Cesar Aira me dijo que sí. A las 5 en punto lo pasé a buscar por el Radisson. Una tarde de febrero de 2008, treinta grados a la sombra, en Montevideo City. Cruzamos Plaza Independencia y mis primeras palabras fueron relativas a La liebre, esa no tan apacible novela que transcurre en una Patagonia alucinada, repleta de indígenas dementes que no paran de guerrear y tener hermanos gemelos. No obtuve respuesta alguna. Aira no estaba para halagos. O tenía mucho calor. No sé. Guardé entonces para otra ocasión comentarios sobre el apocalipsis de El misterio de Rosario o la luminosidad de Parménides. Omití también comentarios sobre los intrigantes fisiculturistas de "La guerra de los gimnasios", o simplemente preguntarle si tenía escritas otras historias de Barbaverde. Preferí callarme. Llegamos al Tasende, en una lateral a la plaza. Pedimos un café. Intenté propiciar una conversación entretenida, pero la tarea se hizo cada vez más difícil.

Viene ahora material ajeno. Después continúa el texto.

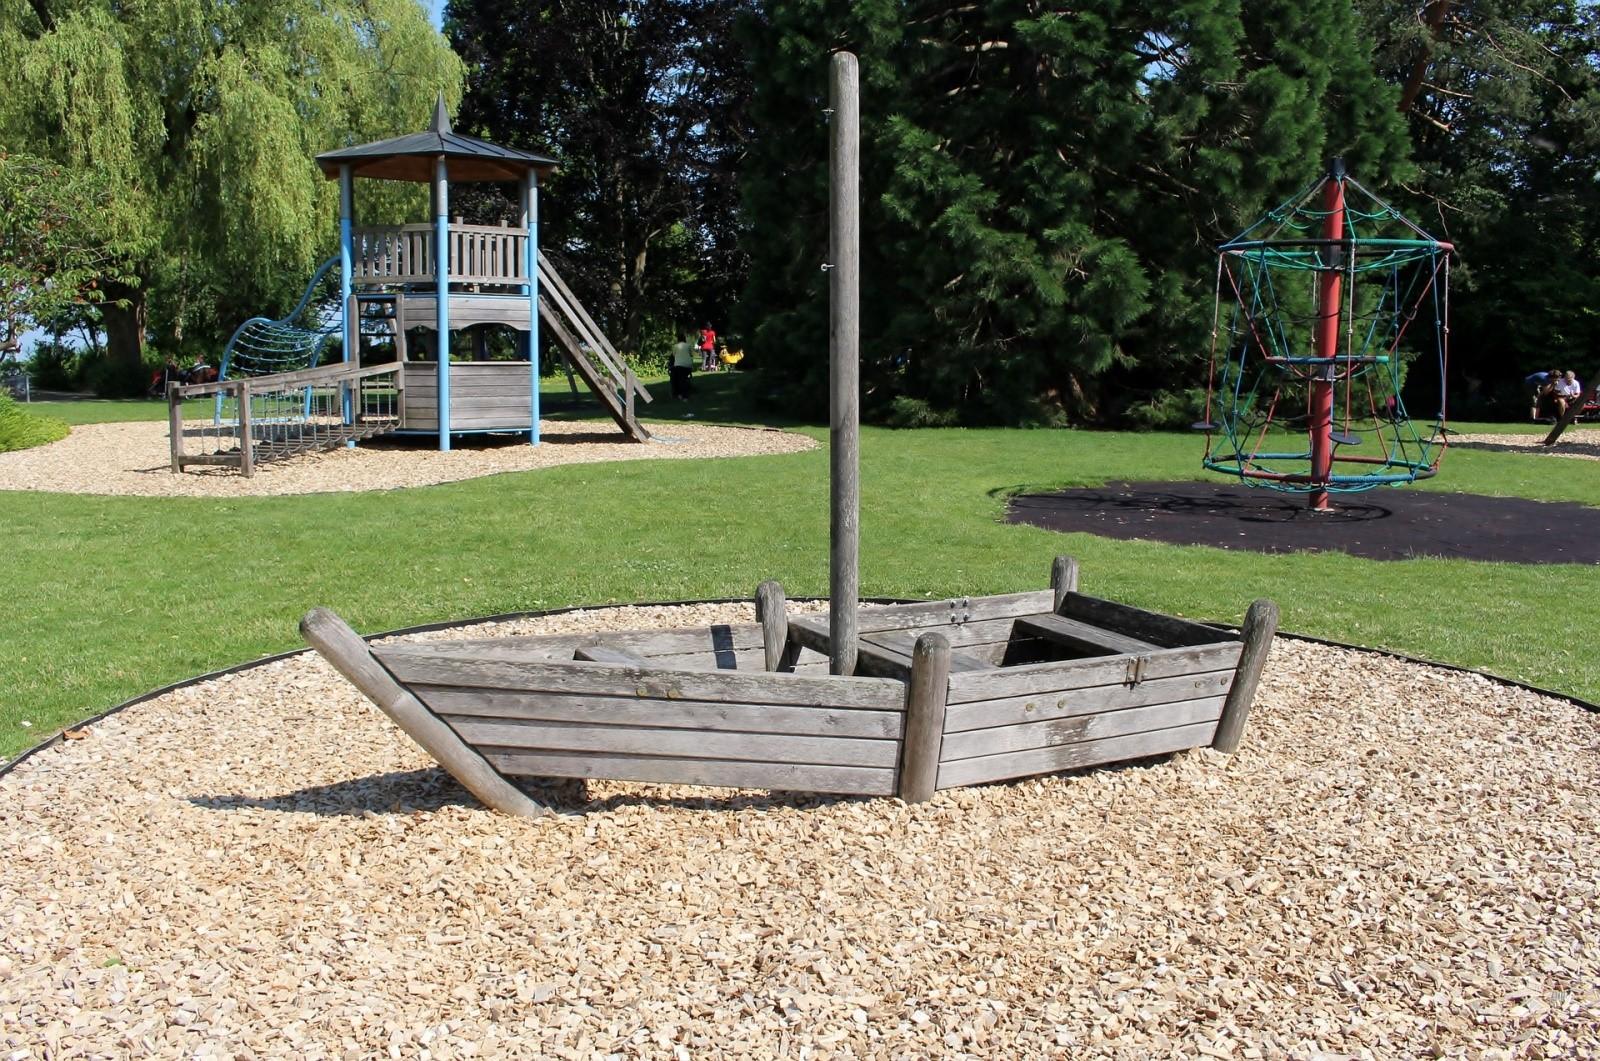 grama-sintetica-para-playground-parque-brincadeira

La posibilidad de una entrevista se desvaneció totalmente
cuando Cesar Aira dijo que no era por un problema de vanidad, sino que
simplemente no le gustaban las entrevistas. "En todo caso, sería por mi
propia vanidad", le respondí, casi exaltado, buscando un mínimo gesto
de humor. Y nada. Le dije que coleccionaba entrevistas, y que iba a seguir
peleando por tener éxito en esa empresa. Le recordé que en mi lista personal de
aciertos estaba Charly García. Me miró con cara de que si seguía insistiendo se
empezaría a irritar. Montevideo para él significaba vacaciones y -en todo caso-
buscar escritores raros. Le recordé que Levrero ya se había muerto y que no
había mucho que buscar. Y que entre sus alumnos apenas si se rescata la obra de
Pablo Casacuberta. Anotó ese nombre. Y que debía leer a Héctor Galmés, muerto
en los primeros años ochenta y tan raro como Levrero. Anotó ese nuevo nombre.
No paré de hablar por un rato. Cesar Aira seguía anotando nombres en la
libretita. El entrevistado parecía ser yo.
Pedimos una pizza al tacho, especialidad de la casa, la
mejor de Montevideo. Le conté que el edificio que se veía desde el ventanal del
viejo bar era el Palacio de Justicia -empezado en los años 60 y nunca
terminado-, y como la estructura tan fea molestaba a los dueños del Radisson
-siempre tan chuchis, pensando en su clientela cinco estrellas, no como
Cesar Aira- le hicieron poner vidrios espejados. El gran simulacro montevideano
por excelencia. Y le conté también que hace apenas dos años el mismísimo Hugo
Chavez Frías estuvo hospedado en el Radisson y preguntó por esa cosa tan
horripilante. El zar venezolano largó una chorrada de pretrodólares para que se
terminara de una buena vez el edificio, con la condición de que allí montaran
-ya no la Justicia- sino un modernísimo Palacio de Gobierno (así le queda más
cerca cuando pasa a visitarnos, porque la sede actual del gobierno uruguayo
queda a 4 kilómetros del Radisson). Seguimos hablando un rato más con César
Aira. Lo único que logré sacarle, acerca de su gran obra novelística, fue que
la porteña galería Belleza y Felicidad se llama así porque Fernanda Laguna -en
realidad la musa a la que dedica la divertidísima novela Yo era una chica
moderna- leyó esas palabras de una vieja novela suya. Hablamos un poco de
Dani Umpi. Comprobé que se admiran mutuamente. No hablamos de Roberto Bolaño.
Me dio la impresión -cuando se lo nombré- que no le cae muy bien hablar de
Dios.
En el camino de regreso al Radisson, le muestro a Cesar Aira
-al llegar a la mitad de la Plaza- el Palacio Salvo. "Allí está mi
oficina", le digo. No le cuento de qué. Ni a él ni a ustedes les
importa ese dato. El calor aumenta, lo que no es lógico, porque ya son las
siete de la tarde y el sol está más bajo. Pero como leí La liebre ya
dejaron de importarme los desajustes espacio-temporales. Esa noche hay desfile
de Llamadas, le sugiero como paseo, pero me dice que prefiere verlo por
televisión. Nos despedimos. Ambos sabemos que no fue una gran charla, pero él
se llevó unos cuantos datos.
Lo que Aira está leyendo:
1) Dodecamerón, de Carlos Rehermann (Hum Editor).
2) Trilogía involuntario, de Mario Levrero
(Sudamericana/ Mondadori).
3) Die Reiven. Manual de Literartura Uruwasha, de
Pablo Trochon (Corelato Editores).
4) Final en borrador, de Héctor Galmés (Banda
Oriental).
5) Esta máquina roja, de Pablo Casacuberta (Trilce).